Encore un terrible revers pour le numérique made in France. La Commission nationale informatique et liberté (Cnil) vient d’autoriser Microsoft à stocker les données de santé des Français, à des fins de recherche médicale. Baptisé EMC2, ce vaste entrepôt numérique sera hébergé sur l’infrastructure informatique décentralisée du géant américain, le fameux cloud, pour une durée d’au moins trois ans. Cette plateforme, qui sera alimentée en informations personnelles (sexe, mois et année de naissance, commune de résidence du patient) et médicales (soins, remboursements de consultation, parcours hospitaliers…), vise à faciliter le travail des chercheurs, en particulier pour étudier les effets à long terme des traitements médicaux.

Pétition anti-Microsoft : un millier de signatures récoltées en 24 h

La France projette depuis des années de tirer profit des données de son système de santé, et nos scientifiques commençaient sérieusement à s’impatienter, craignant d’accumuler trop de retard dans la course mondiale à l’innovation. Sans évacuer le risque que des données aussi sensibles et stratégiques pour notre pays puissent être exfiltrées vers les Etats-Unis, avec la complicité de Microsoft, la Cnil estime donc avoir fait un choix pragmatique en confiant les clés de ce cyber-entrepôt au géant mondial du cloud. « Parmi les opérateurs de cloud français ou européens, aucun prestataire potentiel ne propose d'offre d'hébergement répondant aux exigences techniques et fonctionnelles du projet », justifie en substance la Commission.

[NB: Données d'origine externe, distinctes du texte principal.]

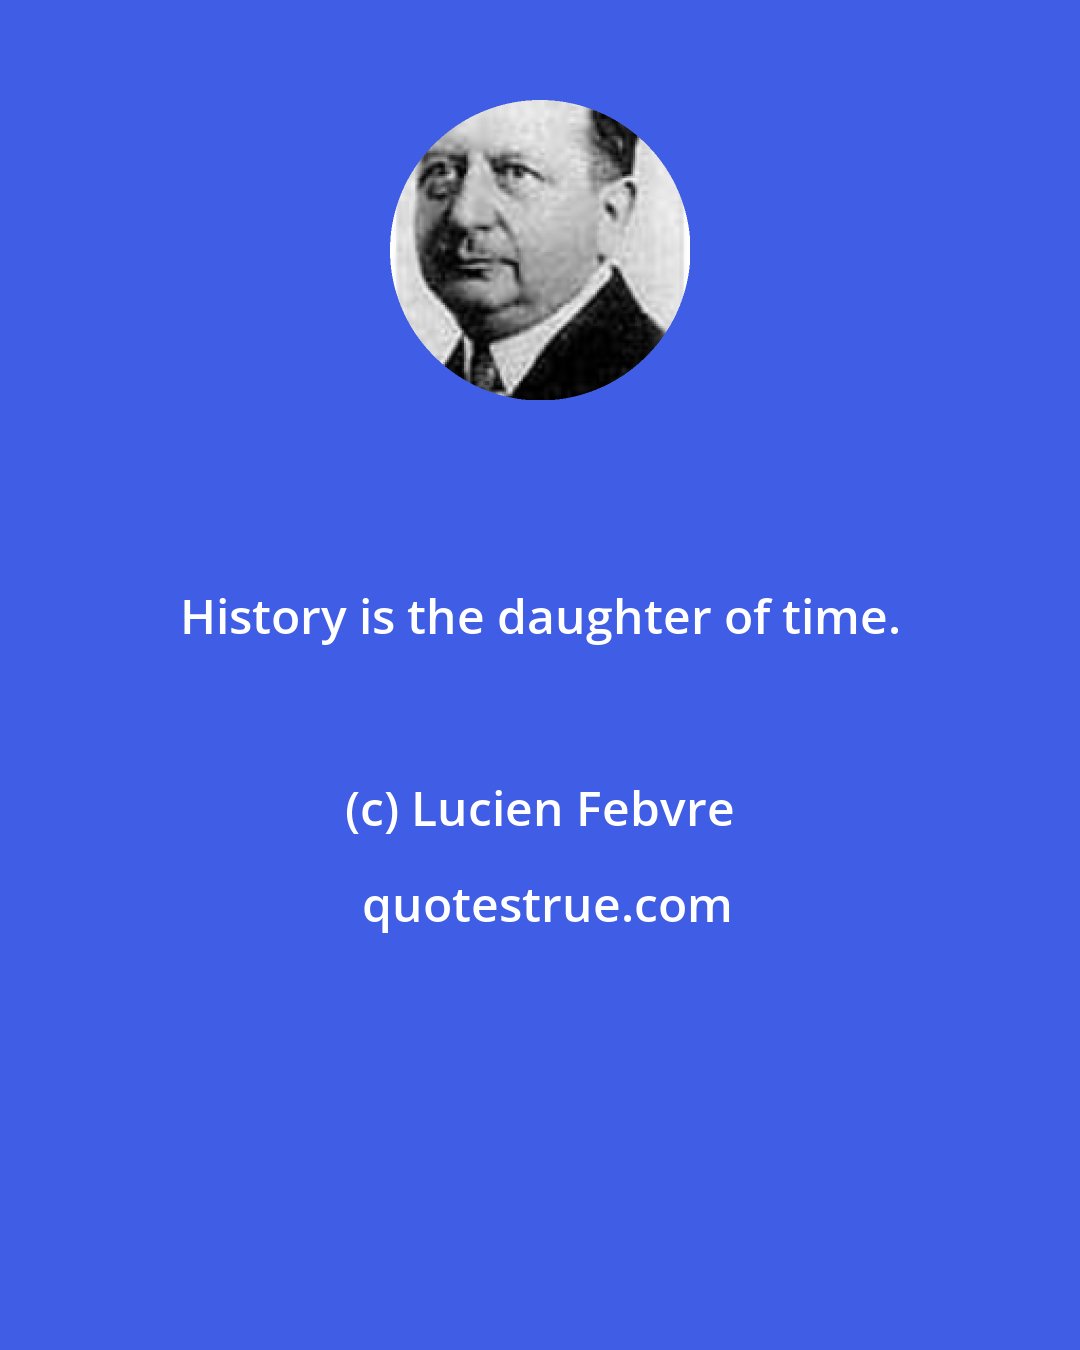 Lucien Febvre: History is the daughter of time.

Depuis qu’elle a été officialisée, hier, son annonce a provoqué une levée de bouclier des acteurs français du cloud. « Cette décision est clairement de nature à éveiller des soupçons quant à l’intégrité des conditions dans lesquelles elle a été prise, autant que sur la capacité de notre pays à assurer la sauvegarde, au propre comme au figuré, de nos données de santé », s’insurge Thomas Fauré, le président de Whaller, une startup française du secteur dans sa pétition adressée à la présidente de la Cnil Marie-Laure Denis.

Intitulée « Sortons nos données de santé de chez Microsoft », elle a déjà enregistré plus d’un millier de signatures depuis qu’elle a été publiée hier. En fin d’année, déjà, les Français OVHCloud, Numspot et Cloud Temple avaient pointé certaines bizarreries dans la procédure de consultation initiée par la Délégation au numérique rattachée au ministère de la Santé (DNS). « En décembre, rappelle en substance Thomas Waller, ces entreprises participantes avaient signalé des difficultés lors de la consultation, dont des changements fréquents dans les exigences techniques et une pression intense, laissant entendre que les dés étaient pipés ab initio et que l’intention de la consultation était de confirmer un choix déjà bien établi ».